Congressional efforts such as the War Powers Resolution give the appearance that checks on the President are still effective, but in fact the War Powers Resolution has done nothing to constrain presidential warmaking. The United States has not declared war since World War II, but since then has been involved in military in Korea, Vietnam, Cambodia, Grenada, Panama, Iraq, Yugoslavia, Afghanistan, Pakistan, Libya, and Syria. Most often Congress has “authorized” the sue of force after the President has already begun military action, but frequently they have done so even thought the President has denied that he requires any such authorization to act. In 1999, Bill Clinton became the first president to use military force–sending troops into the Yugoslavian Civil War–despite an outright refusal of Congress to authorize him to do so (Adler, David Gray. 2000. “The Law: The Clinton Theory of the War Power.” Presidential Studies Quarterly. 30 (1). pp155-168).

More recently, George W. Bush declared that he had the authority to wiretap and surveil Americans’ phone conversations without a warrant from the executive branch, and to prevent citizens from challenging the executive branch’s actions in Court by invoking a “state secrets privilege,” unilaterally determining that allowing them to be heard in court would reveal state secrets. In both of these ways the President claimed authority that is rightfully within the domain of the judicial branch. As a candidate for the presidency, Barack Obama criticized Bush’s actions, but as President he has also claimed both powers.

To avoid having to fight for treaty passage through the Senate, presidents have resorted to the use of executive agreements–direct agreements with the heads of other countries–that do not have to be approved by the Senate because technically they are not treaties. Some of these agreements are secret agreements, about which not even the Senate Intelligence Committee has knowledge. Presidents claim that they have “inherent powers” to make such agreements that commit the U.S. to certain courses of action without any congressional oversight.
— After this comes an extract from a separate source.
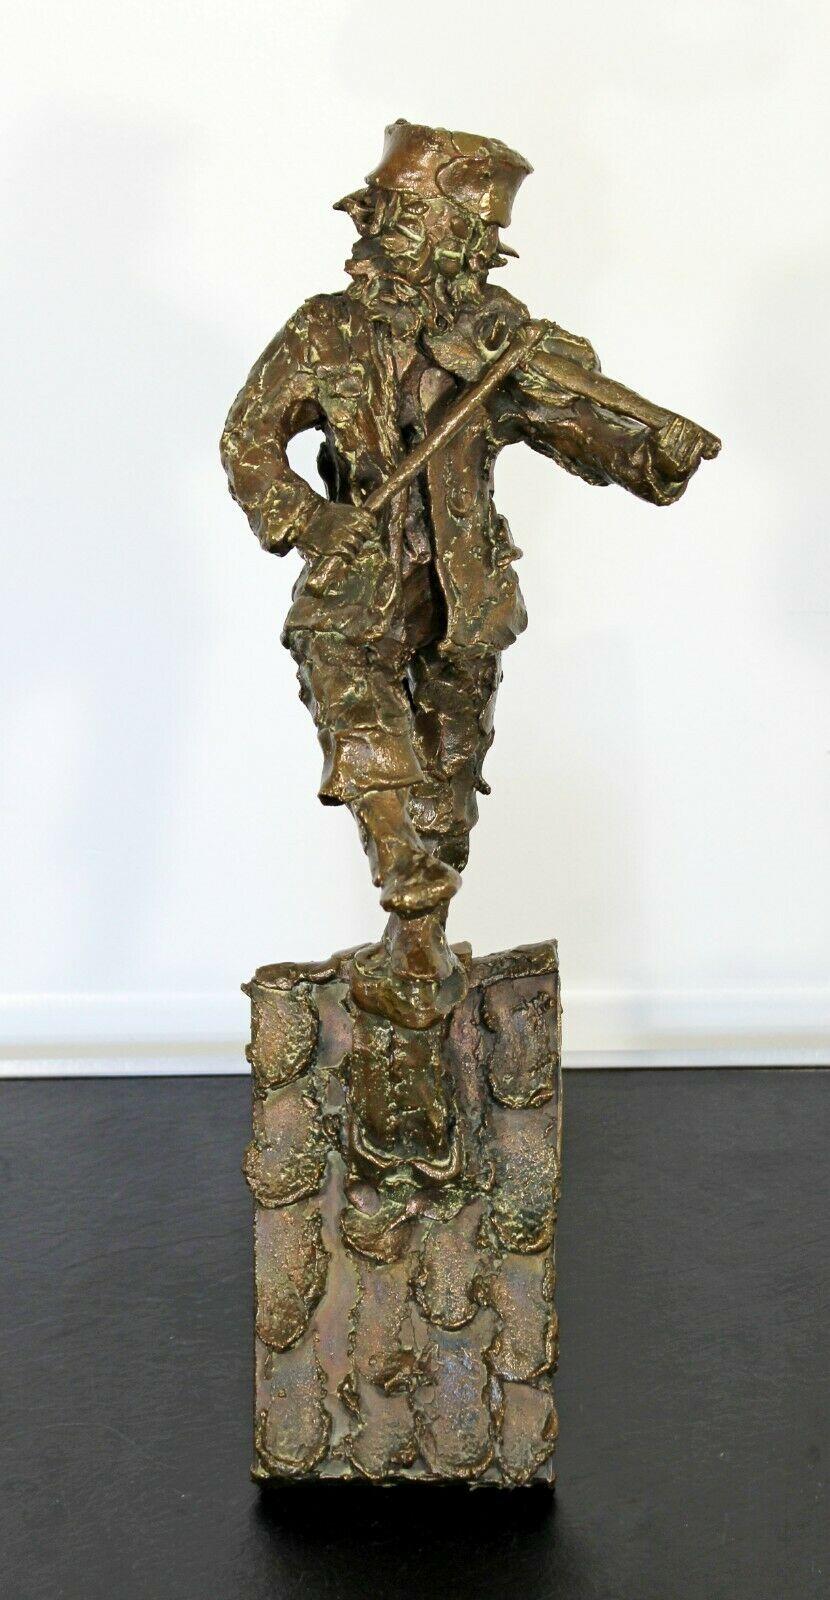 For your consideration is a fantastic, heavy bronze table sculpture, depicting a fiddler on the roof, signed. In excellent condition. The dimensions are 7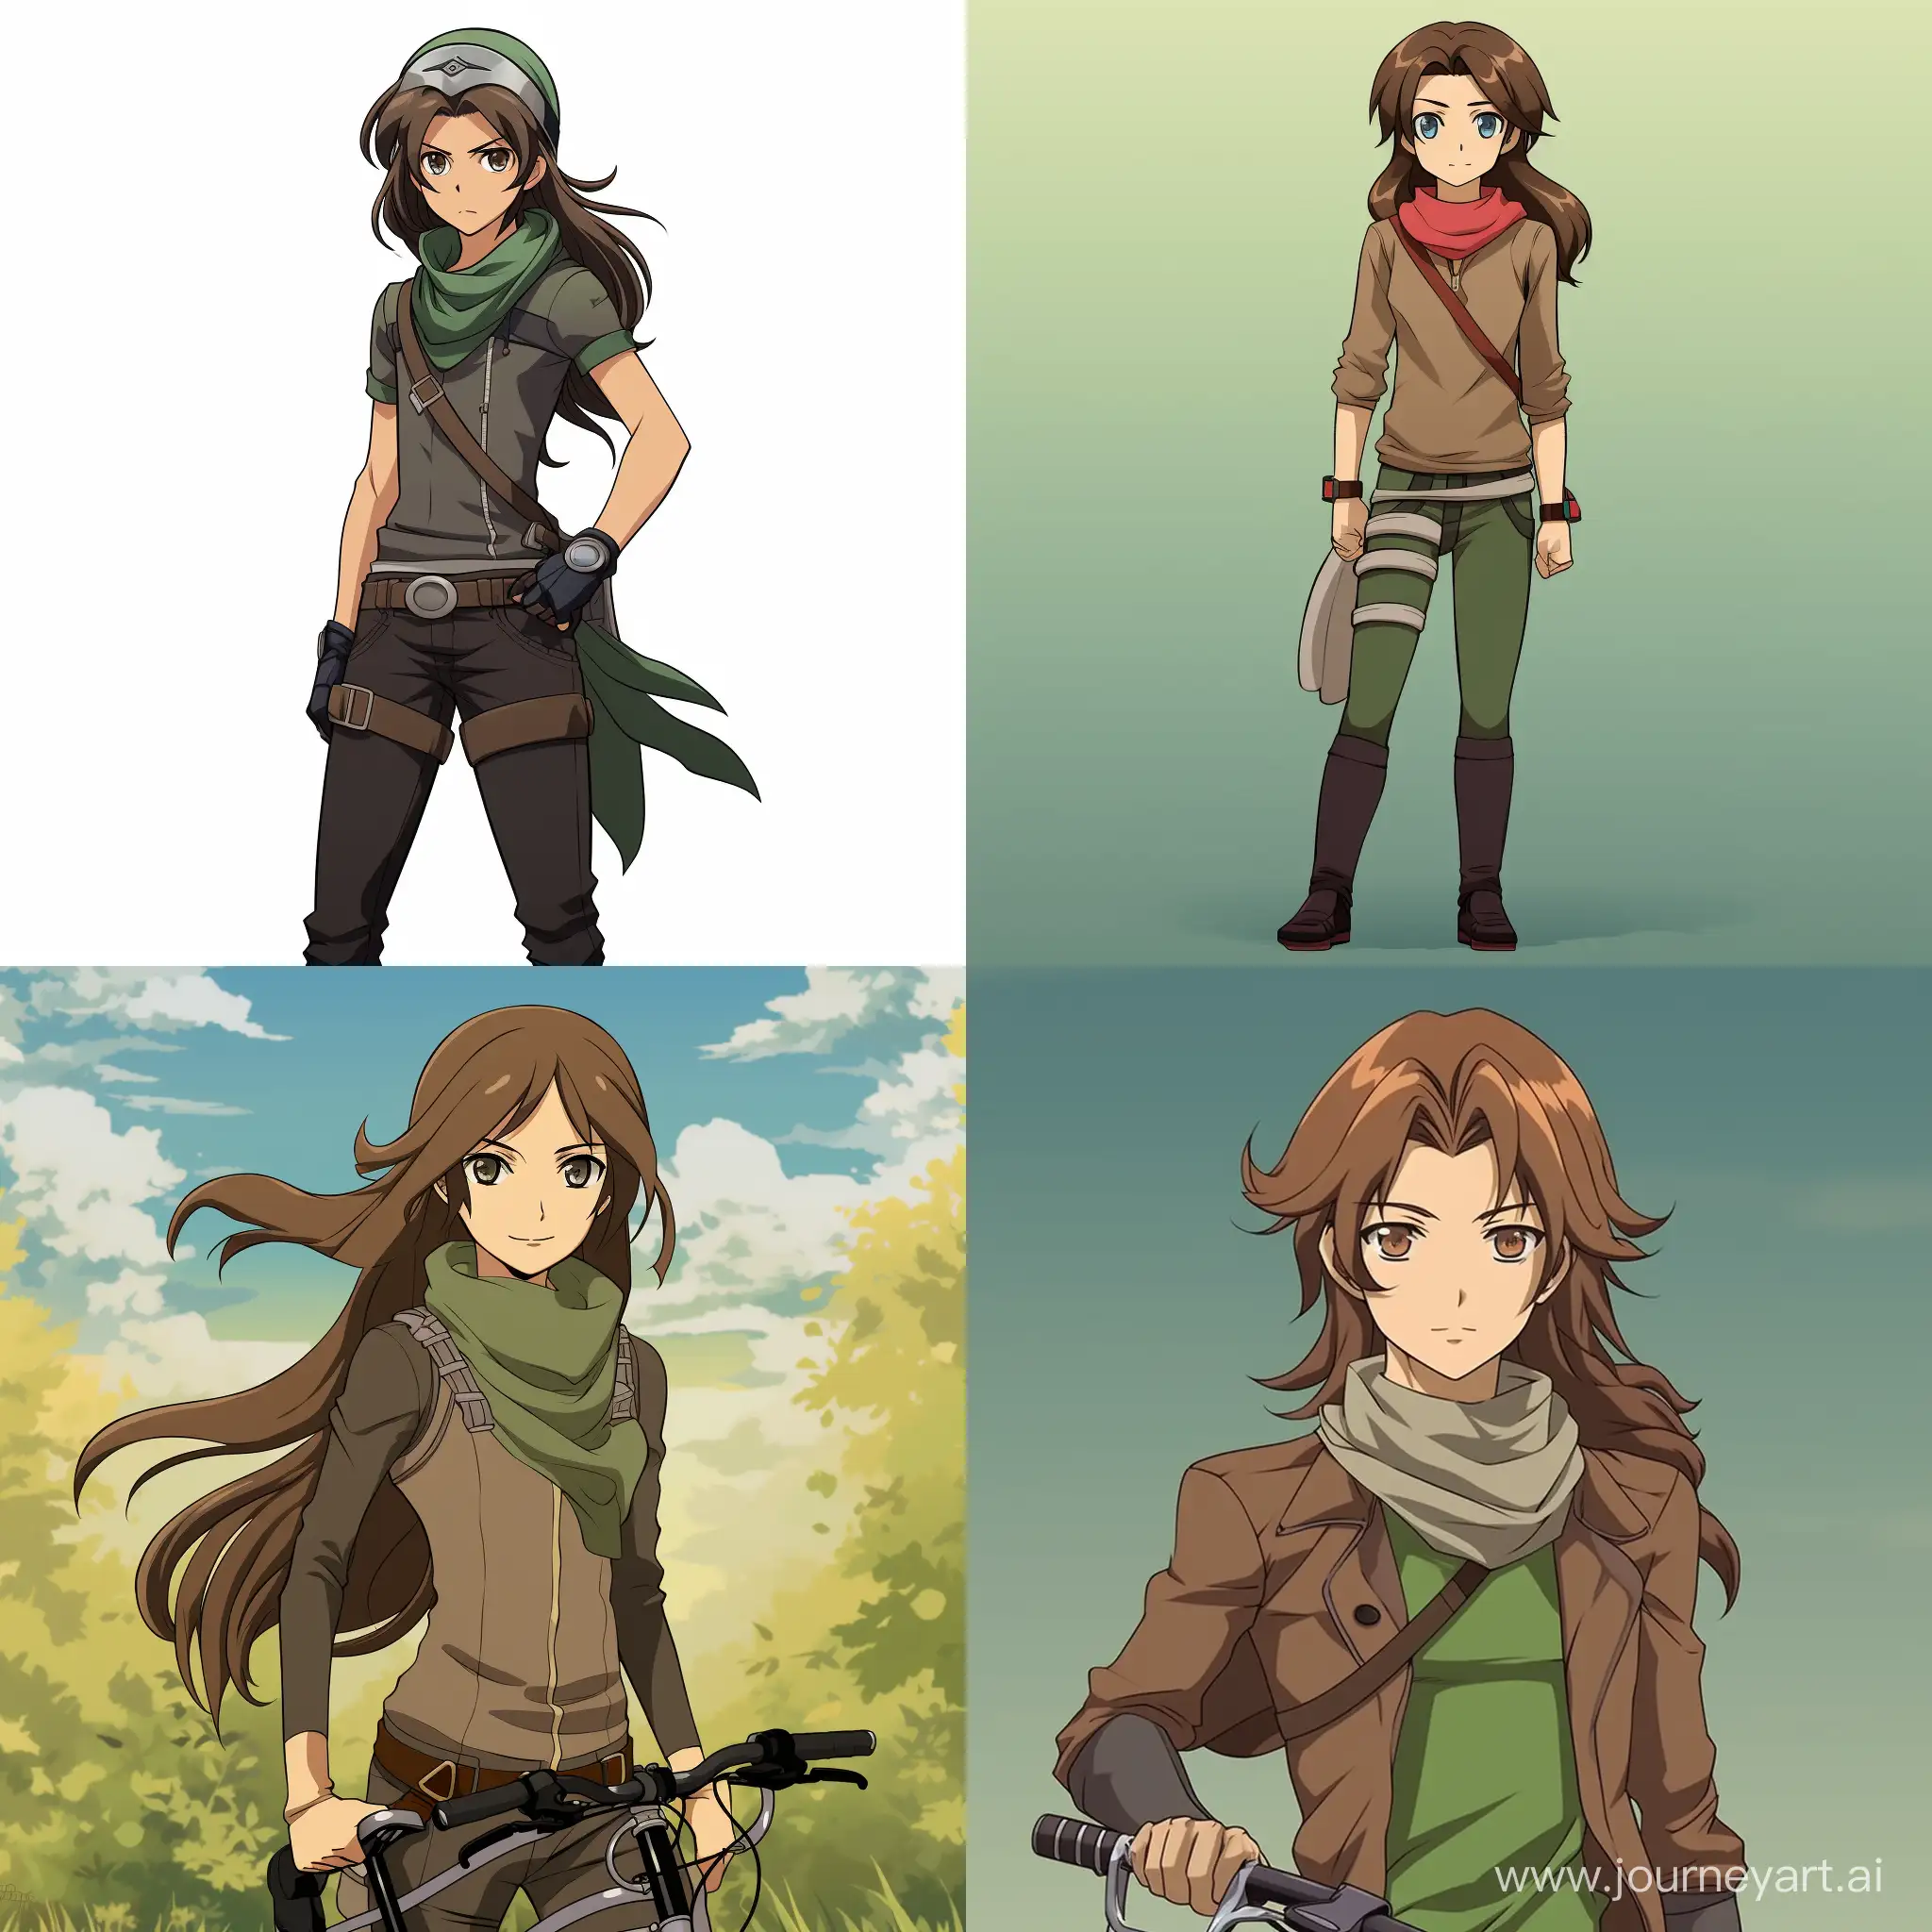 Anime-Boy-with-Brown-Hair-and-Green-Eyes-in-Stylish-Outfit

Increasingly presidential scholars worry about an “imperial presidency,” that accumulates legislative and executive powers into the hands of the executive branch. It may be that the demands of the modern world require a stronger and more powerful presidency. Or it may be that the American system of checks and balances is, after two centuries, on the verge of collapsing, and the tyranny the Founders feared may become a real danger.